If you interpret the film with a sense of humor (as a professor of mine did), that part is ironic and pretty damn funny, a sly jab at the seemingly ubiquituous attitude that monetary gain is indeed synonymous with redemption. That still doesn’t change the fact that I think it’s a disaster cinematically, but at least a more post-modern, ironic interpretation gets a little bit closer to the truth. But most people aren’t looking at the film that way. They find it genuinely lyrical and uplifting, and I don’t get how people are taking it that seriously. The fact that the Globes put it in the “Drama” category is laughable enough, but to give it a “Best” is just plain sad. (Not that I expected anything less, of course.)
Perhaps I wouldn’t have hated this movie so much had I caught it before the fad hit big. That happened to me last year with Juno. I saw it before every white person in the country started drooling over it, and I thought it was mildly entertaining if ultimately silly and forgettable.
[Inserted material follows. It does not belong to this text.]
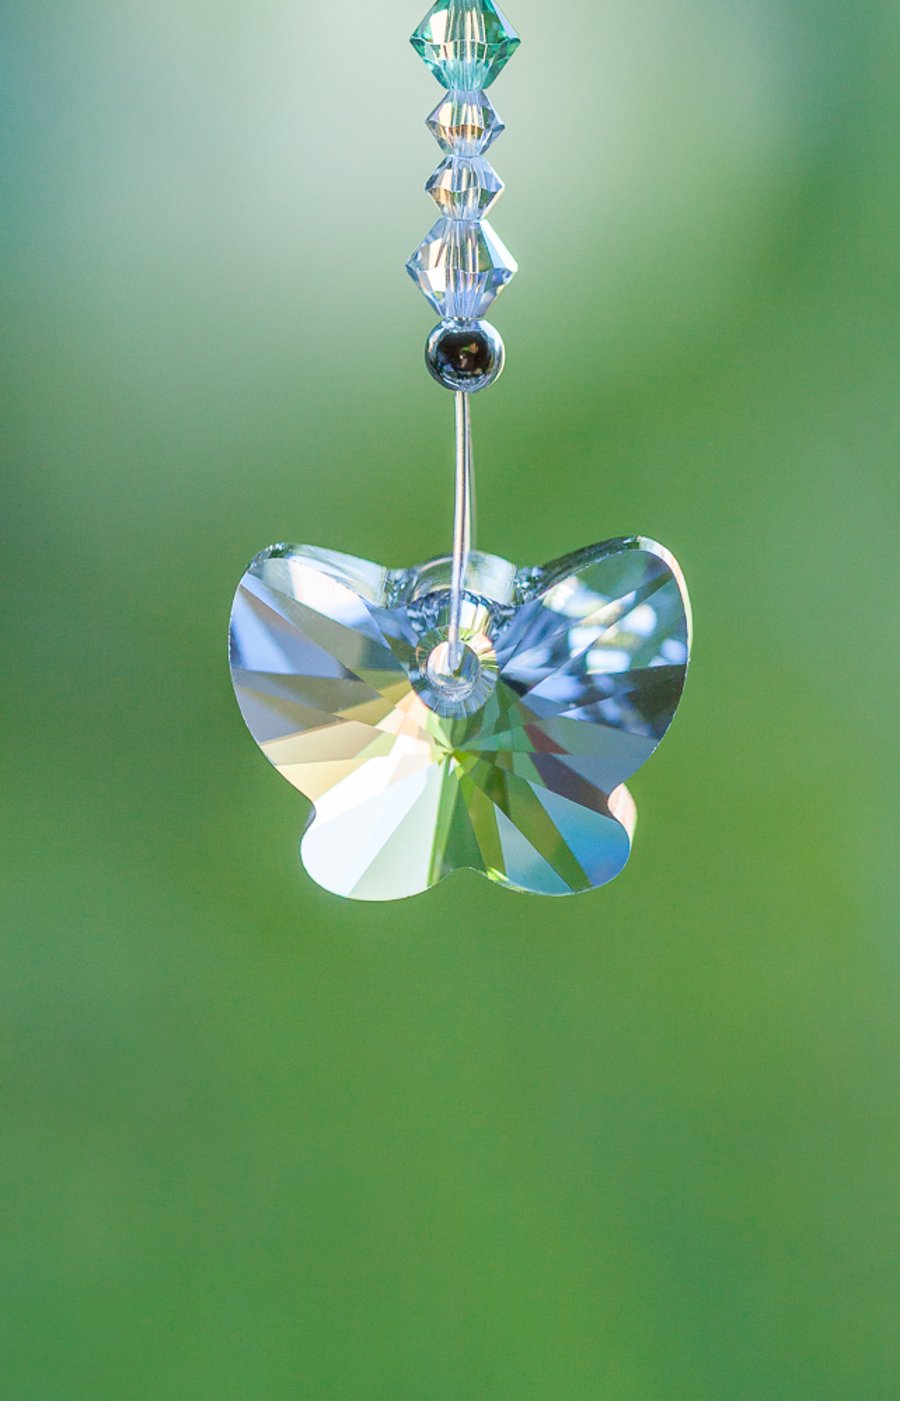 Swarovski crystal Butterfly sun-catcher

As enthusiasm for the film snowballed, I started to get more and more annoyed, especially since people were willing to indulge the overly conscious, hit-or-miss “cleverness” of the dialogue and the cuteness of its protagonist while completely disregarding some serious implausibilities in the script.
I think where you and I share sentiment is in our disgust with the way Slumdog is catching on as the foreign film darling of the year among American audiences, who take the film at face value, buy the soundtrack of catchy songs, and remain completely unaware of what struggle in India is really like (and how grossly this film sidesteps addressing that struggle). And again, if the film registered as true Bollywood (without the neorealist trappings), that wouldn’t even be an issue, and I’d more easily take the film as pure fantasy.”